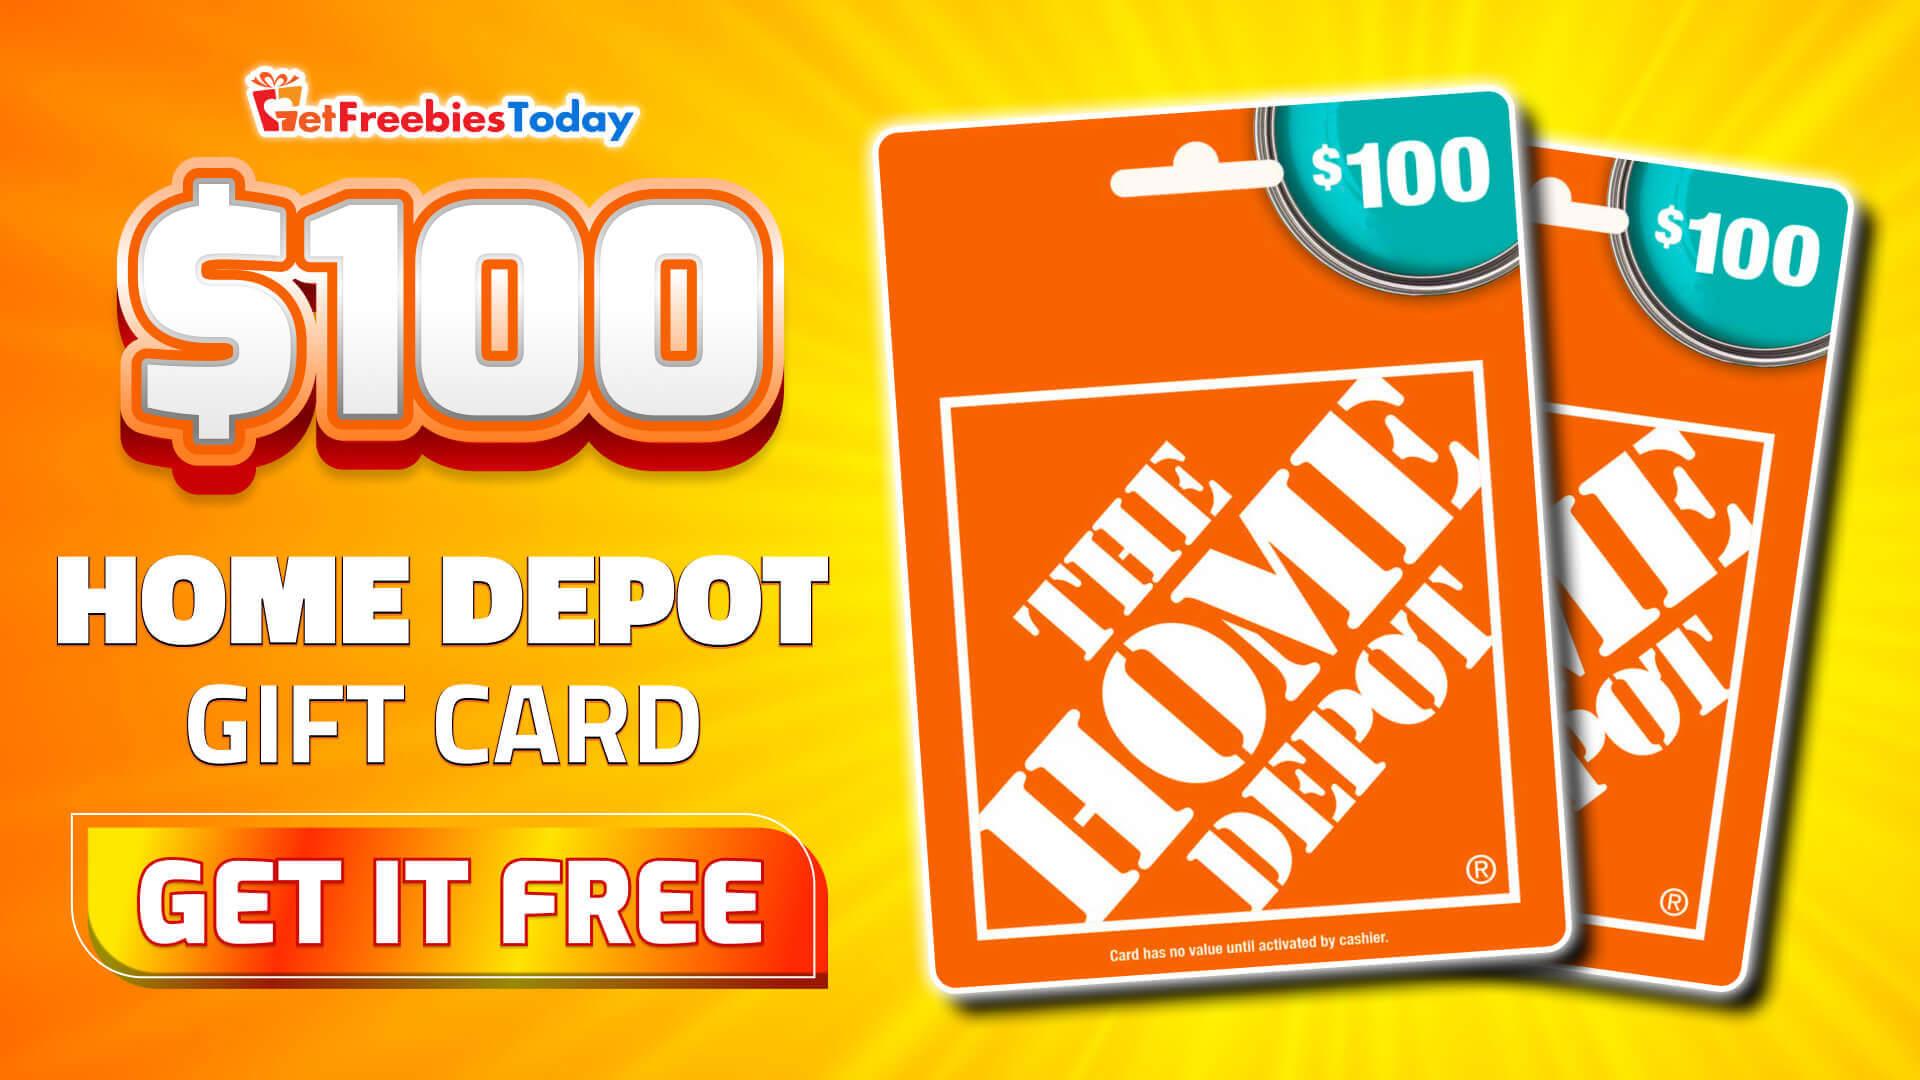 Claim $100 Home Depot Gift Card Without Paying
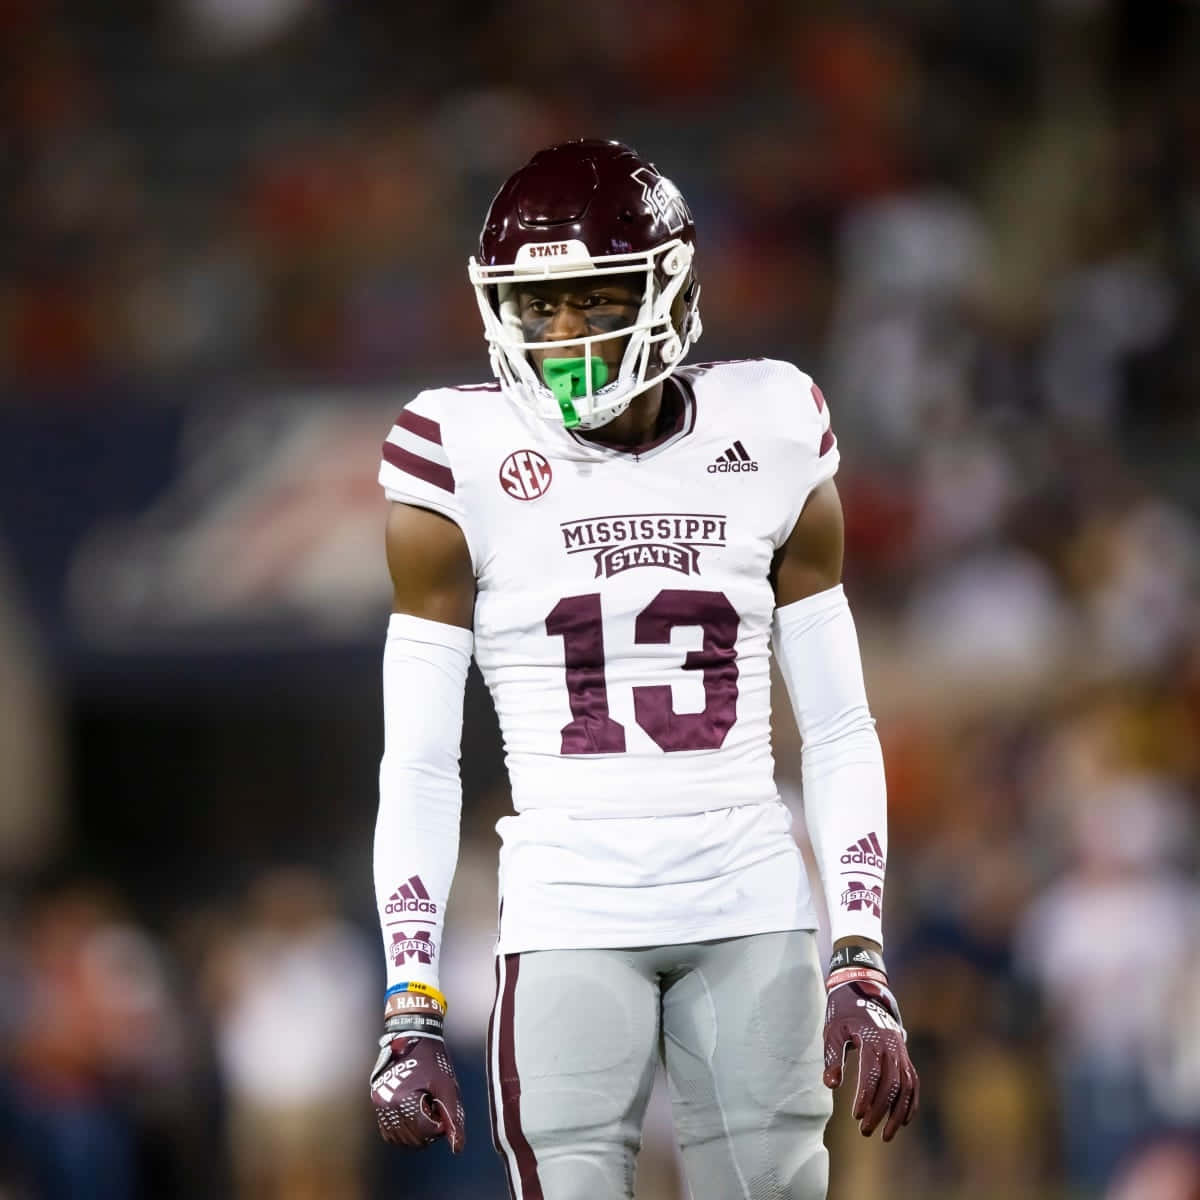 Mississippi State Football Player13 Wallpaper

---

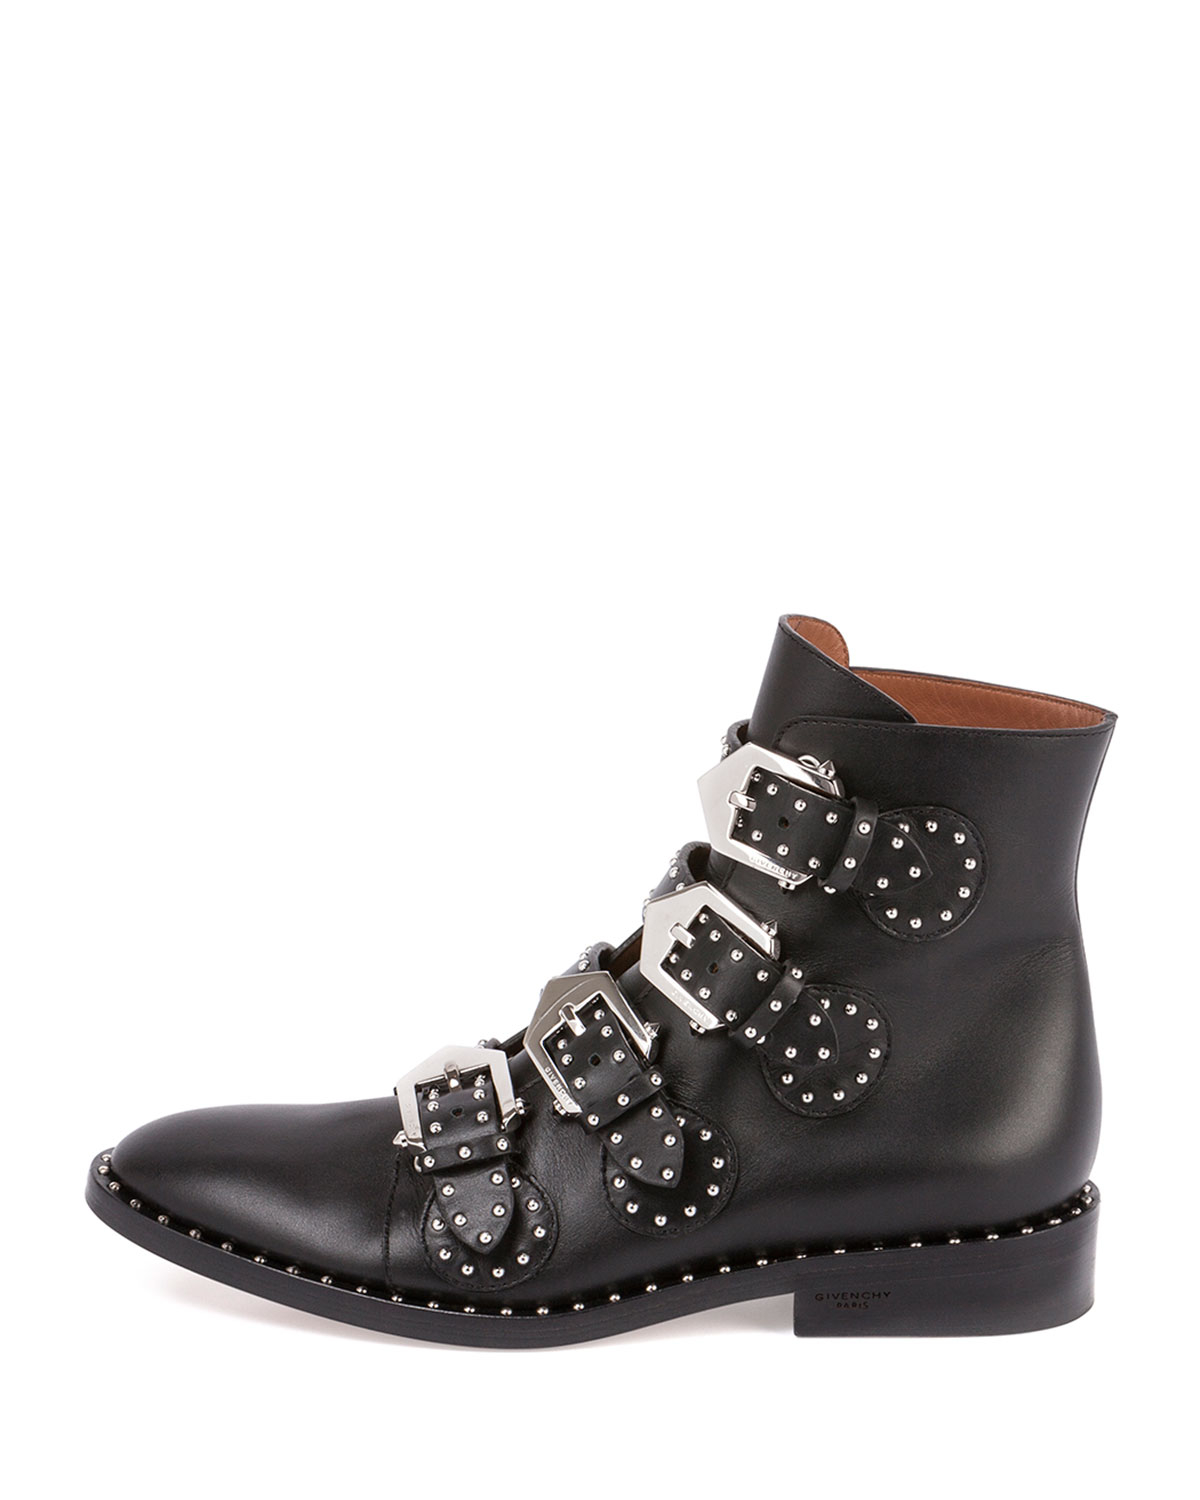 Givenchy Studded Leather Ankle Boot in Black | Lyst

...

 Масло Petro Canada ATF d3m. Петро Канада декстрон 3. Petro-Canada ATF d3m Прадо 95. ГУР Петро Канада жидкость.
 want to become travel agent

Assigned task: Taking the entries above, copy word for word the lines from the one with "Claim $100 Home" up to and including the one with "Mississippi State Football", without any picture.

Written answer:
 Claim $100 Home Depot Gift Card Without Paying
 Mississippi State Football Player13 Wallpaper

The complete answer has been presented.